South Sudan Says It Won’t Reverse Its Move to Expel UN Official
Juba. South Sudan rejected on Tuesday a United Nations appeal to halt the planned expulsion of the world body’s top humanitarian aid official in the country, saying he had regularly spoken out against the government.
UN Secretary-General Ban Ki-moon on Monday condemned the move to expel Toby Lanzer, deputy head of the UN Mission in South Sudan, and said the British-born envoy had been “instrumental in addressing the increasing humanitarian needs of conflict-affected communities” in South Sudan.
Presidential spokesman Ateny Wek Ateny told Reuters: “It is impossible to reverse … [the] idea of expelling Toby Lanzer.” The cabinet came to the decision after Lanzer made comments that were “completely against the government.”
He gave no details. Lanzer has been active on Twitter, where he often posts messages about the dire situation in a country that has been mired in conflict since late 2013.

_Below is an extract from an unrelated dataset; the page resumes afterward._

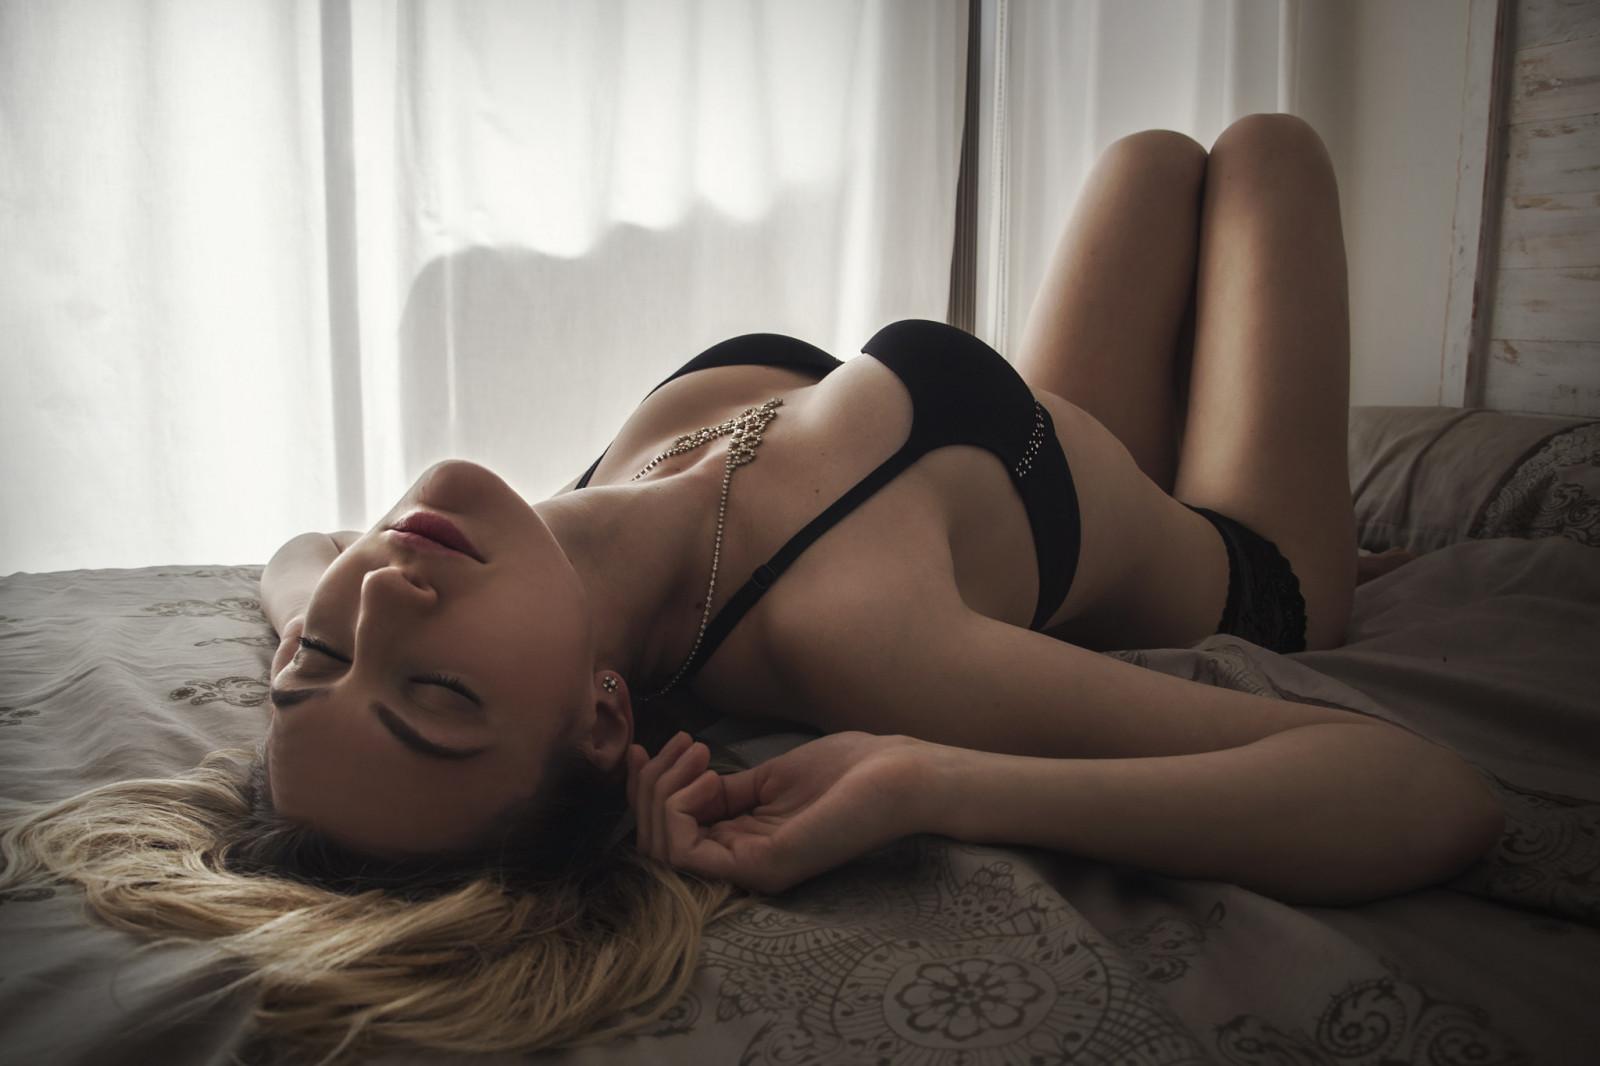 наташенька в экстазе на кровати

Lanzer had been due to leave shortly and his successor, Eugene Owusu of Ghana, has already been nominated.
More than 2 million people have fled their homes, with 555,000 departing for neighboring states. About a third of the nation’s 11 million people rely on food and other aid.

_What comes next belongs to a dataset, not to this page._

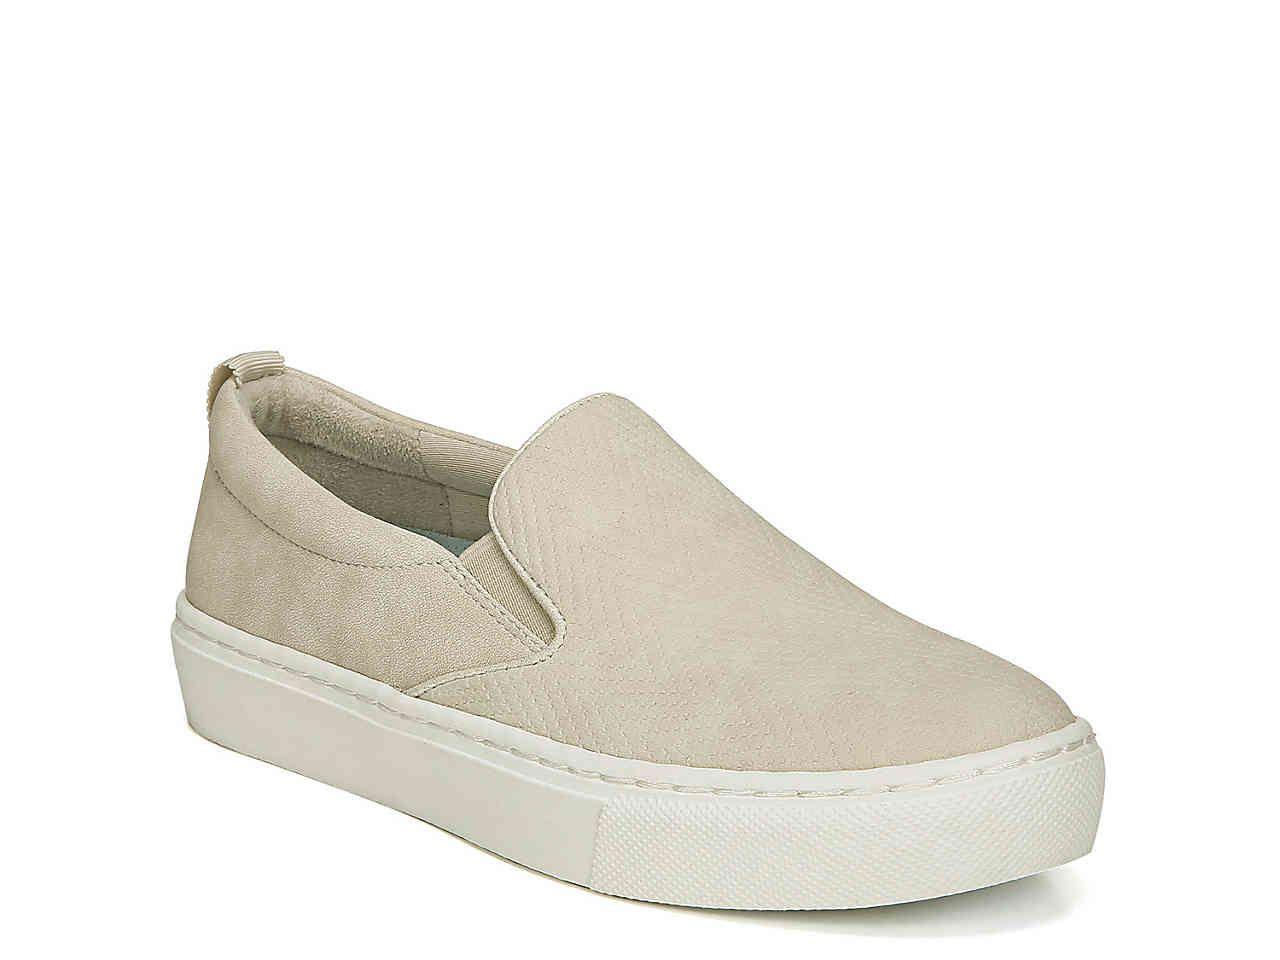 Slip on sneaker, Dr scholls shoes sneakers

Fighting has pitted soldiers backing President Salva Kiir, the country’s leader since independence from Sudan in 2011, against those loyal to his former deputy Riek Machar, who was sacked from his post in mid-2013.
The conflict, which has flared up since the end of the rainy season in recent months, tends to follow ethnic lines that divided southern tribes even before independence. Kiir is an ethnic Dinka and Machar is from the Nuer group.
Peace talks in Ethiopia, sponsored by African states and backed the United States and other countries, have stalled over how to share power between the rival camps. Mediators have been trying to restart negotiations.
Kiir held discussions on Tuesday in Juba with visiting African mediators, including South African Vice-President Cyril Ramaphosa, as part of efforts to reunify the fractured ranks of Kiir’s ruling SPLM party, Ateny said.
Kiir also met a group of South Sudanese political opponents who were detained early in the crisis before being allowed to leave for Kenya. Of the 10 originally detained, five returned on Monday as an advanced party.
“We have come back for dialogue with our colleagues in SPLM and for dialogue also with our colleagues in the government of South Sudan,” former minister Deng Alor said on arrival in Juba.
Ateny said the remaining five would come back on June 25.